Damit ist das Problem da – für Norbert Röttgen. Denn bekanntlich steht der frisch zum CDU-Vorsitzenden von NRW gewählte Bundesumweltminister für die grüne Option der Schwarzen. Auch als stellvertretender CDU-Parteivorsitzender – und jetzt das! Noch vorgestern warnte Röttgen seine Partei vor einer einseitigen Festlegung auf die FDP, da weigerten sich schon die Atomkraftgegner der Bürgerinitiative Umweltschutz Lüchow-Dannenberg, sich mit Röttgen auch nur zu treffen. Und heute der Super-GAU: Alle gegen Schwarz-Grün. Armer Norbert Röttgen.

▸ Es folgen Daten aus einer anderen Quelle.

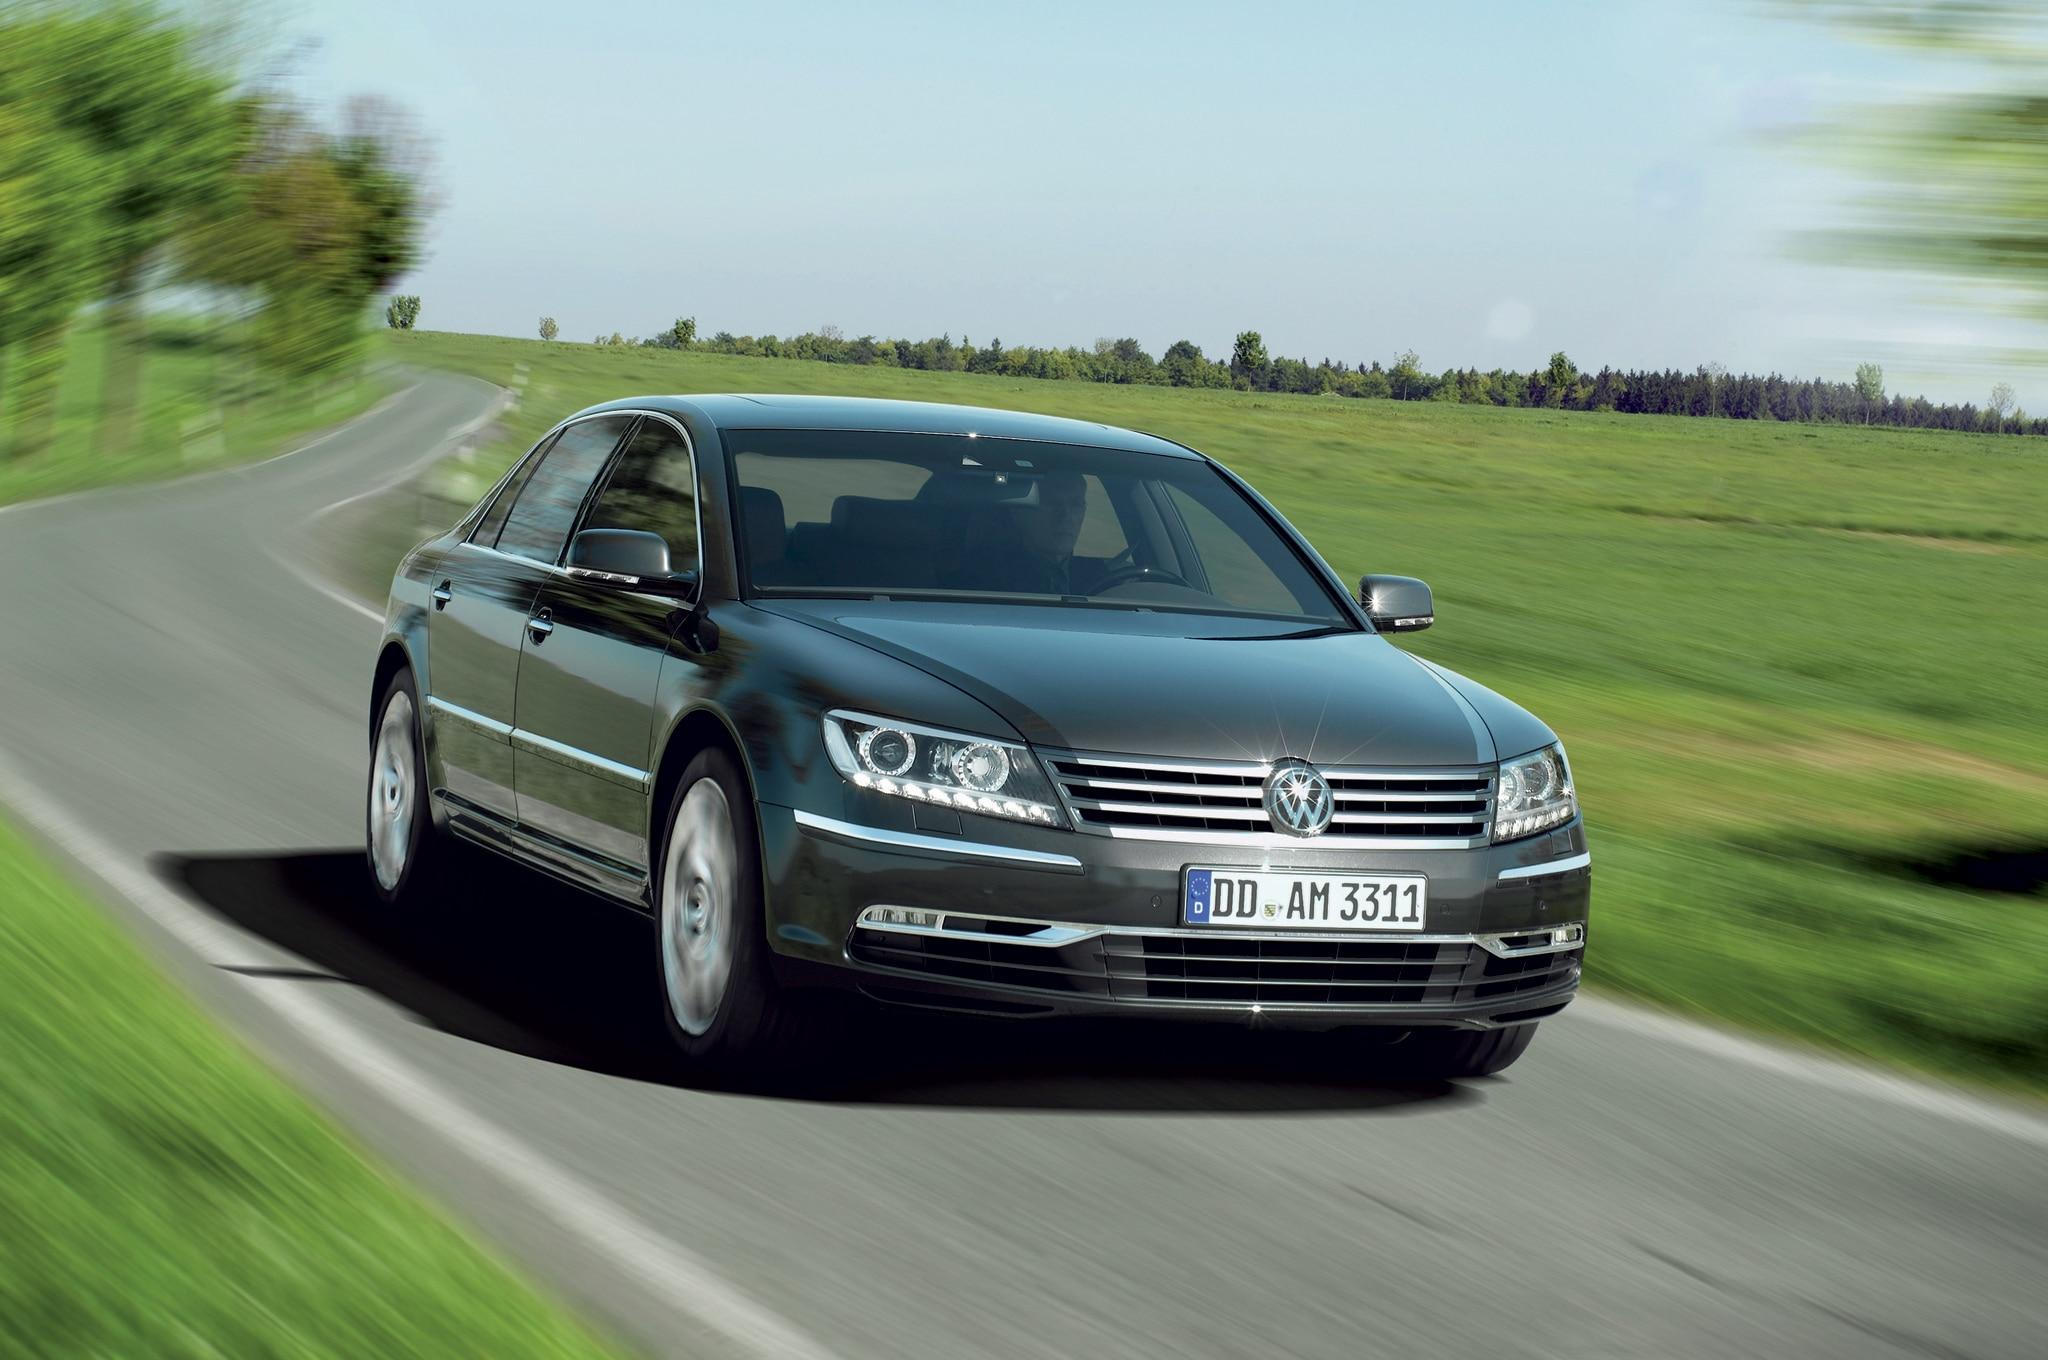 2011 Volkswagen Phaeton Front Three Quarter Motion1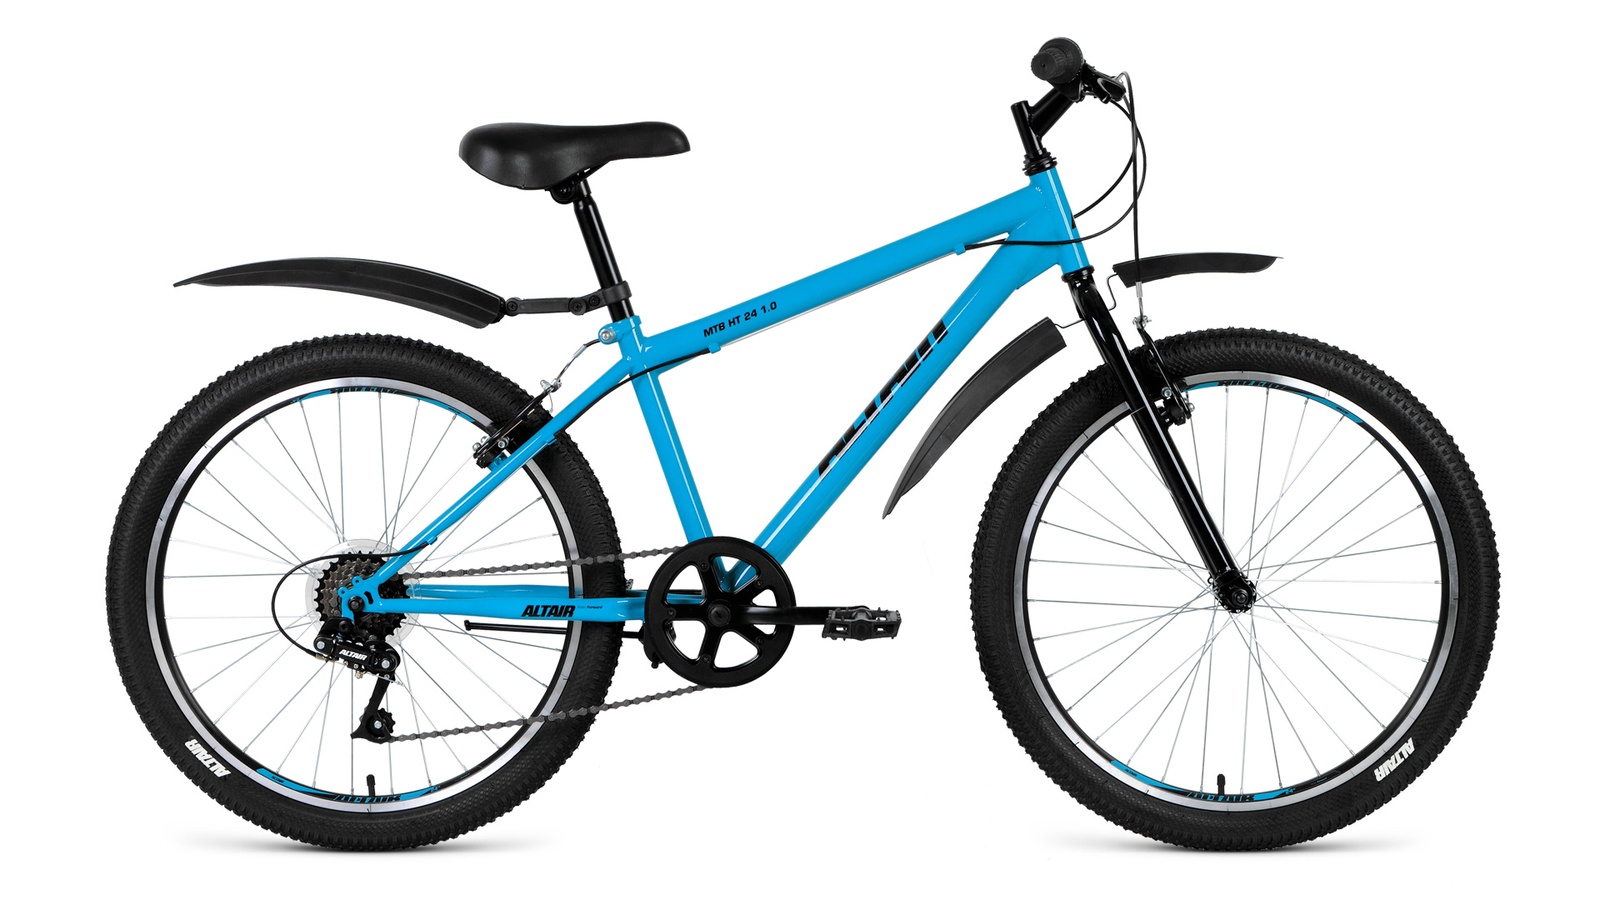 Велосипед Altair MTB HT 24 1.0 2019, бирюзовый altair mtb ht 26 1 0 lady 15 2017 blue

Wieso eigentlich muss ein Nordrhein-Westfale ausbaden, wenn irgendwelche Grünen aus Hamburg etwas anstellen, wofür es auch eigenen Angaben zufolge „keinen richtigen Grund“ gibt? Was kann Röttgen jetzt noch tun, will er sich nicht mit seiner Rolle als unschuldigem Opfer zufrieden geben? Einfach nur CDU-Landesvorsitzender und Bundesumweltminister zu sein, wird die Frage nach seinem Lebenssinn nicht hinreichend beantworten können.
Doch in jeder Krise steckt auch eine Chance. Röttgen muss den Kopf nicht hängen lassen. Erstens kann er, sollte er nicht mit ihnen können, den Grünen immer noch reichlich Stimmen wegnehmen. Und zweitens fließt bis zur nächsten Bundestags- und NRW-Landtagswahl noch viel Wasser den Rhein runter. Und die Spree. Und was die Elbe betrifft: die Tieferlegung ist sozusagen in trockenen Tüchern. Also: locker bleiben!